Л знала, что мой преследователь здесь, еще до того, как он заговорил. Я повернулась. Он снял шляпу, и передо мной предстал Филипп де ла Айе, брат графини Вальдштейн.
Я ничего не сказала. Он тоже. Мы изучали друг друга, и я была удивлена, заметив признаки силы в этом пожилом теле, мощную бычью шею и большой агрессивный нос, обожженное солнцем лицо, почти что африканского типа. Граф все еще был привлекательным на вид, а двигался с удивительной в таком возрасте грацией, говорящей о физической силе, на которую он едва ли уже имел право.
Затем мой преследователь застонал и сел на маленькую скамейку около одной из арок. Я поняла, что он задыхается. С некоторым усилием мужчина снял пальто и положил его возле себя на скамейку, рядом с кожаной сумкой.
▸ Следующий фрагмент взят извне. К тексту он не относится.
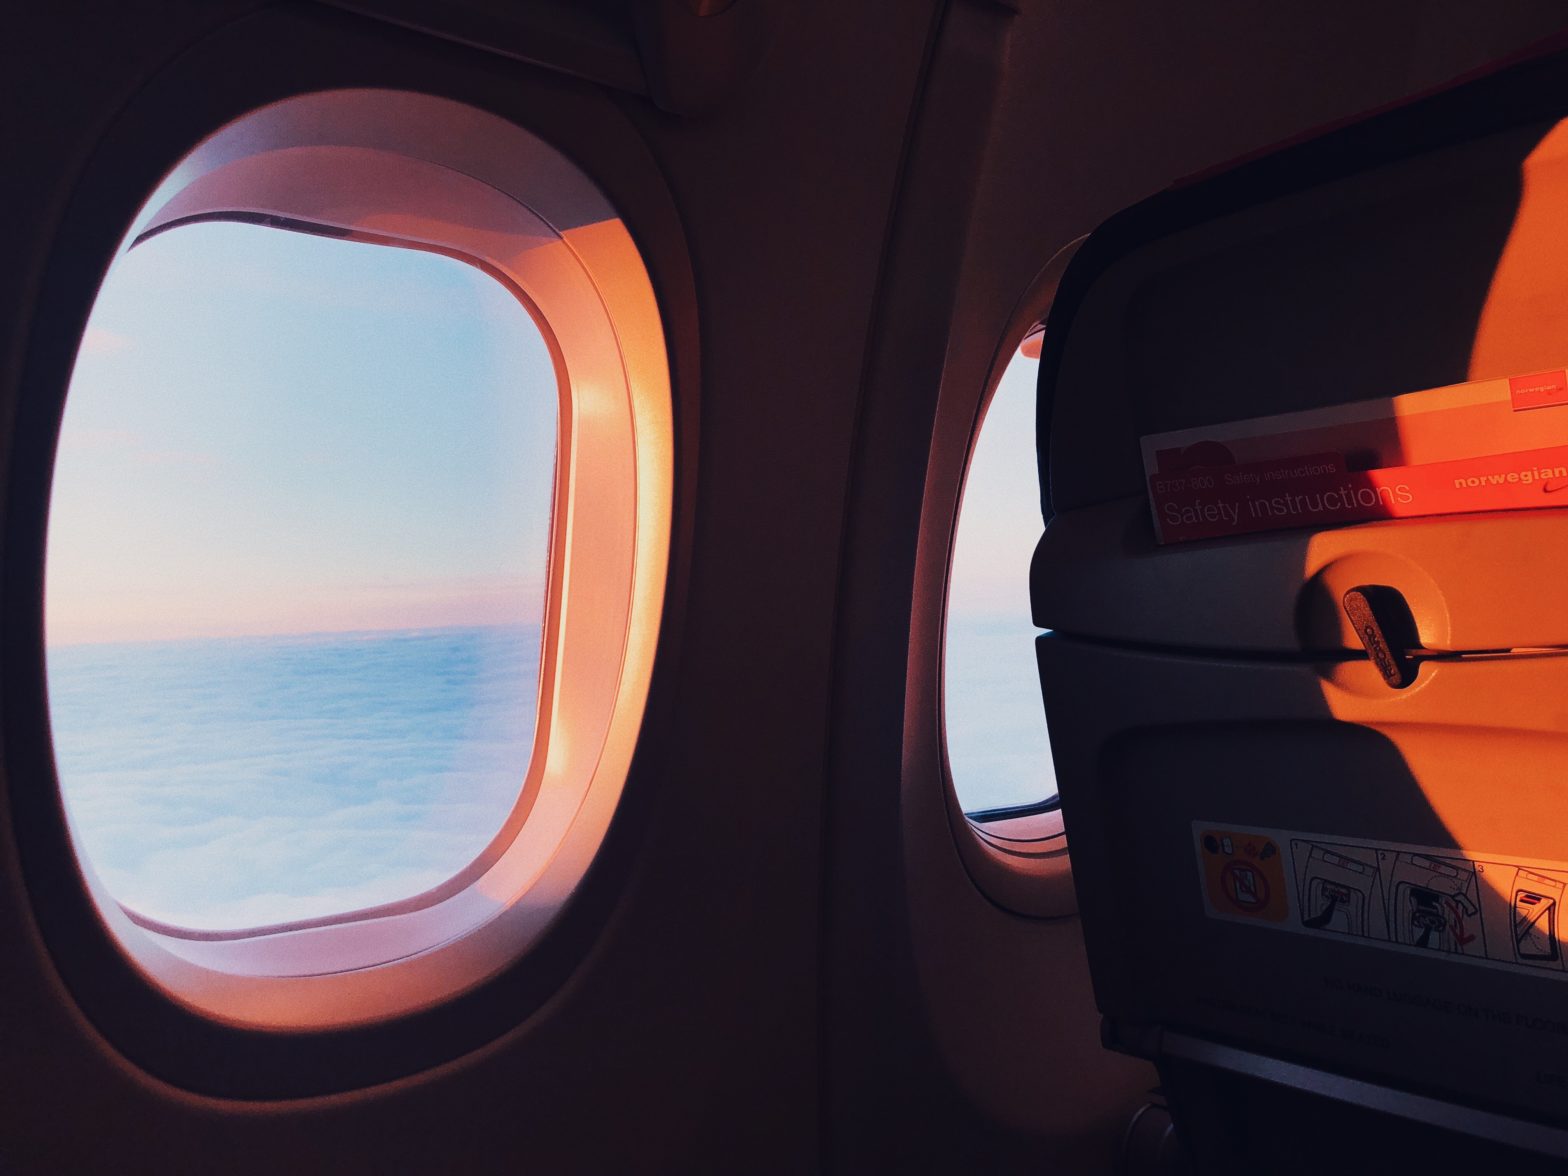 Most of Us Rest Our Heads On Airplane Windows; Here's Why That's Ill-Advised

Я чувствовала запах мочи и других отходов, оставленных венецианцами, посещавшими сторожевую башню, и была счастлива, что здесь нет отца, который, несомненно, разрушил бы момент своей праведной брезгливостью.
– Я не тот, за кого вы меня принимаете, – сказал этот человек низким голосом. – Я очень прошу простить меня, но в Венеции мне не следует раскрывать свою личность, и, возможно, даже сейчас за мной следят.
– Кто вы? – спросила я.
– Я известен как шевалье де Сейнгальт.
– Месье, но у вас же есть христианское имя? Я дитя революционного народа, а для нас титулы значат мало.
Он слегка улыбнулся.
– Я с радостью поведаю вам правду, мадемуазель. Вы были добры к Финетт на барже. Мое подлинное имя Джакомо, или Яков, как вы произнесли бы его по-английски.
– А фамилия, месье?
– Казанова.
– Так вы тот самый человек, который сбежал из тюрьмы в Герцогском дворце? Любимец женщин, описанный графом Вальдштейном?
Он кивнул.
– Я вам не верю! – воскликнула я.
Он склонил голову, затем порылся в кармане своего пальто и извлек огромный парик графини Вальдштейн. Он надел его на голову, подняв облако пудры, которое взлетело к небу, подобно пыли на сельской дороге.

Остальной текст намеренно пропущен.